▶ _Aim of the exercise_: Every line below from the one with "kawasaki Z900 RS" through the one with "Barbie A Fashion" is to be repeated exactly, with no picture among them.

▶ _Data supplied_:
════

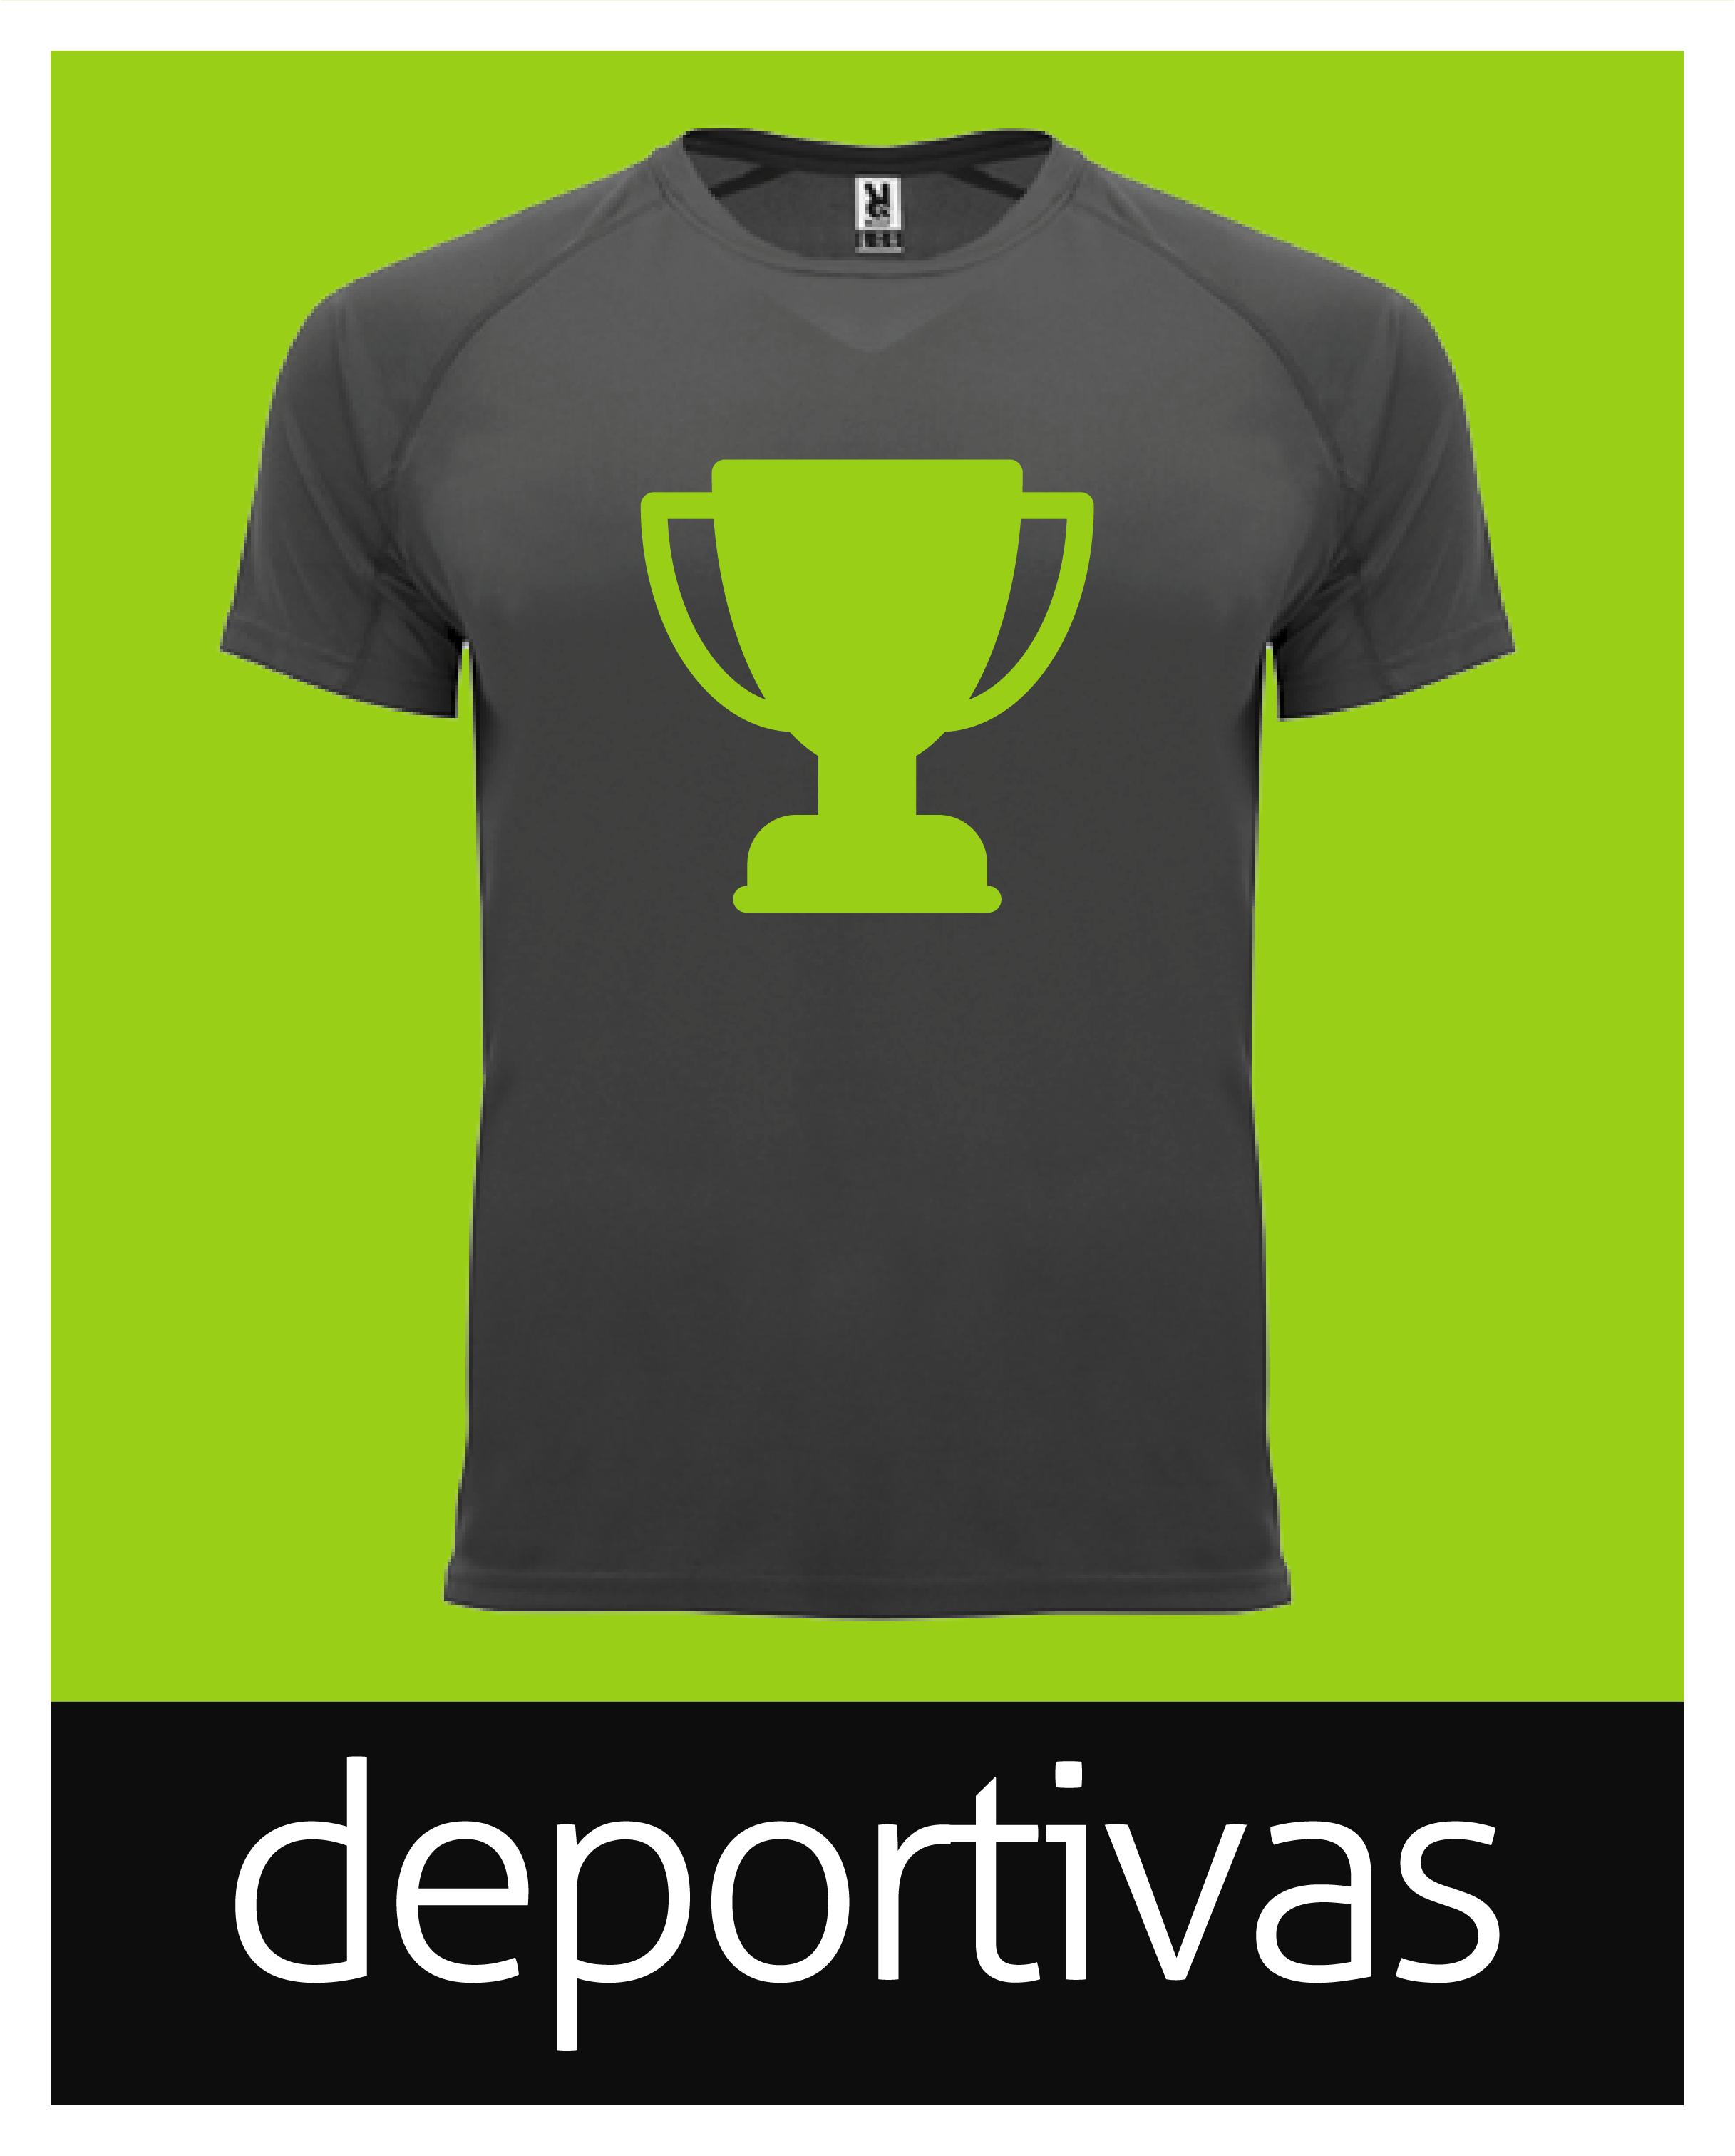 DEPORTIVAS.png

════

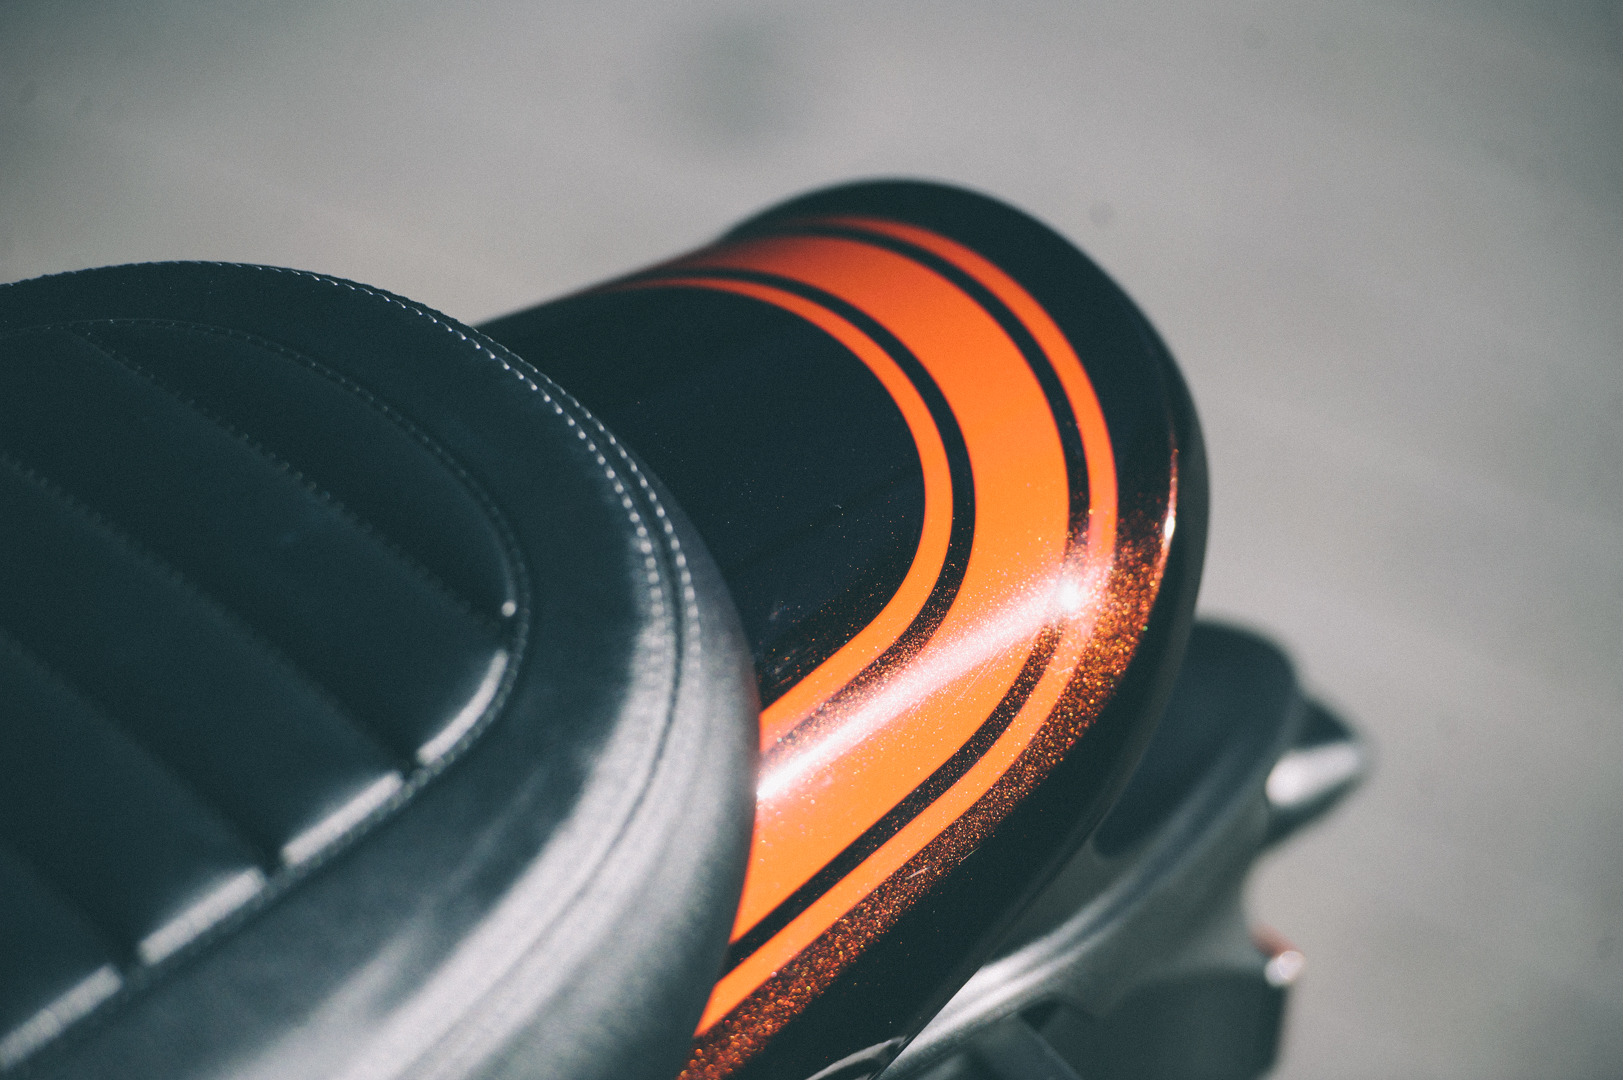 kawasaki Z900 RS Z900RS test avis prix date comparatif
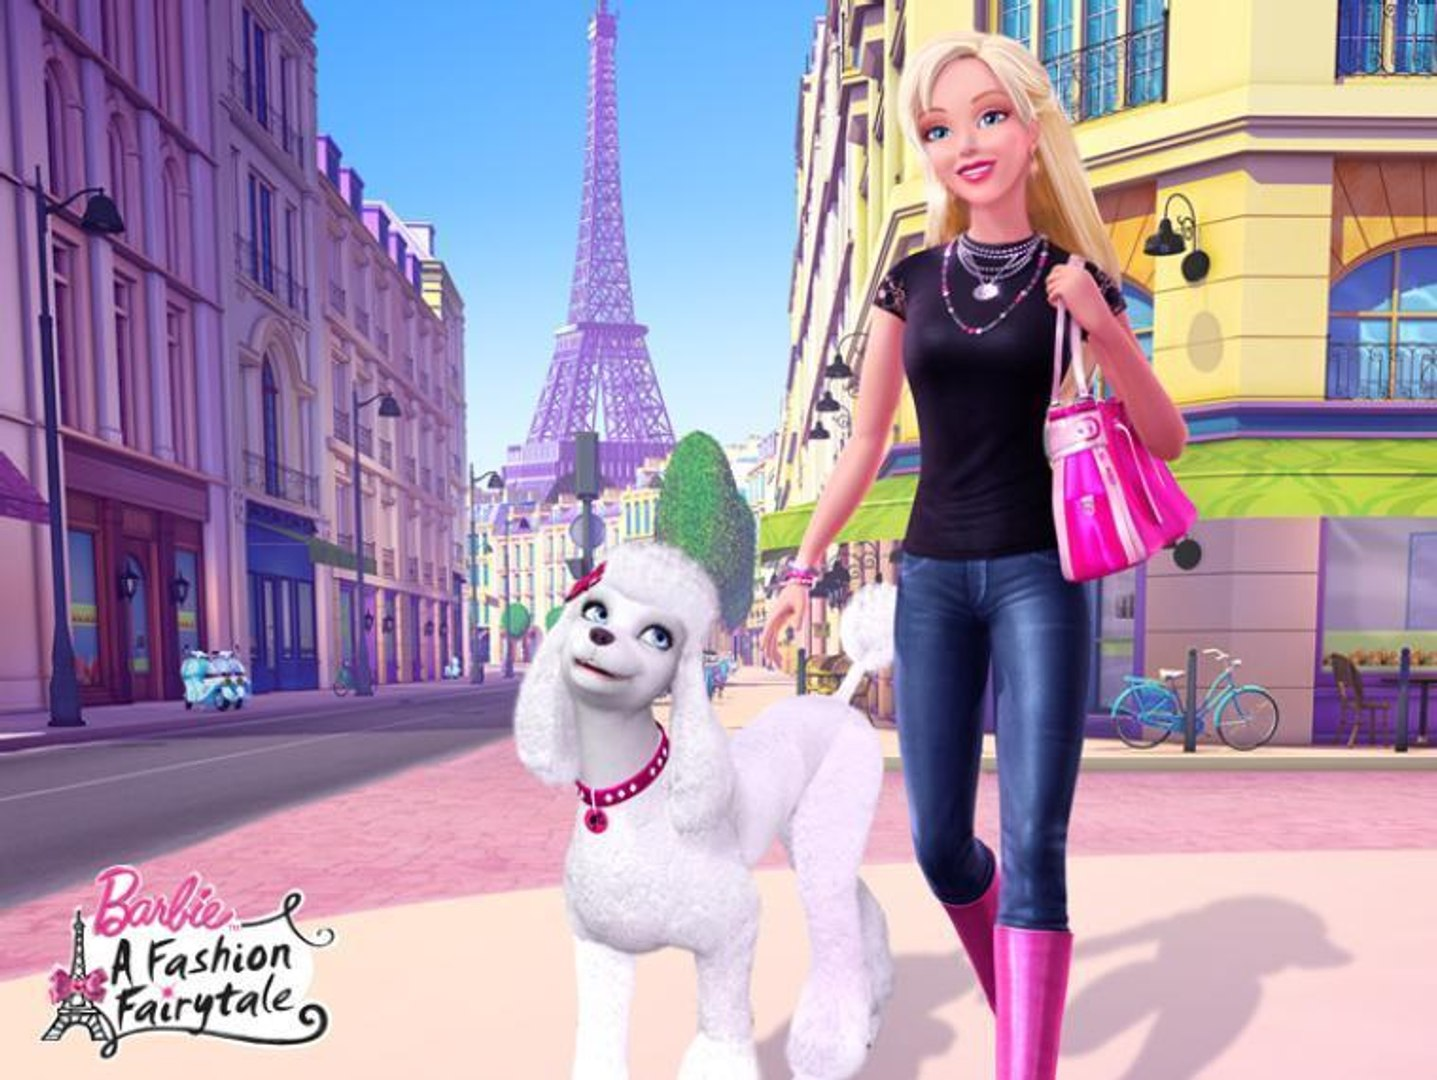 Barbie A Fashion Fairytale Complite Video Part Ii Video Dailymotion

════

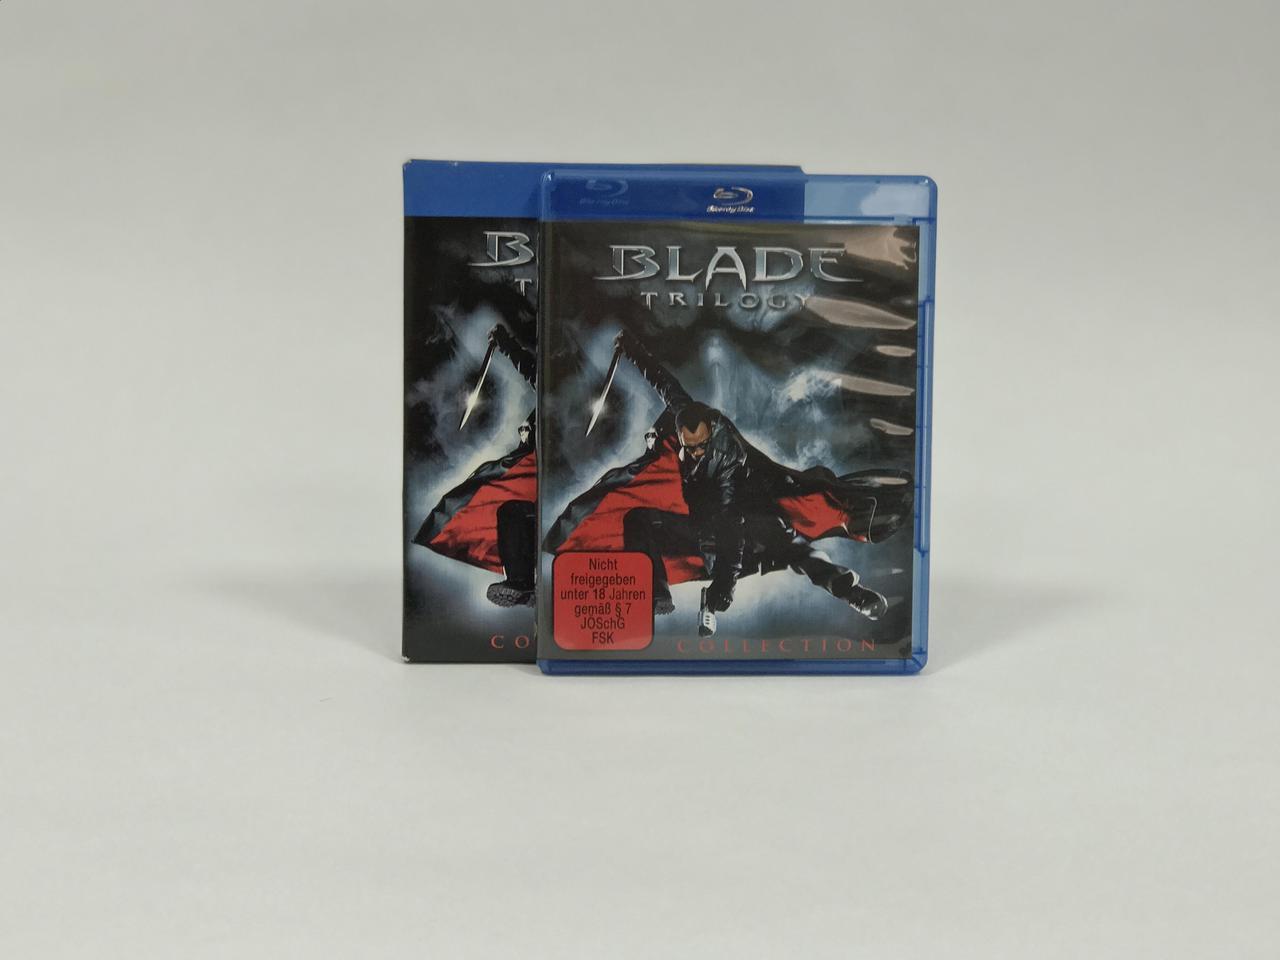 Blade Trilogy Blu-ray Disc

════

▶ _Worked solution_:
 kawasaki Z900 RS Z900RS test avis prix date comparatif
 Barbie A Fashion Fairytale Complite Video Part Ii Video Dailymotion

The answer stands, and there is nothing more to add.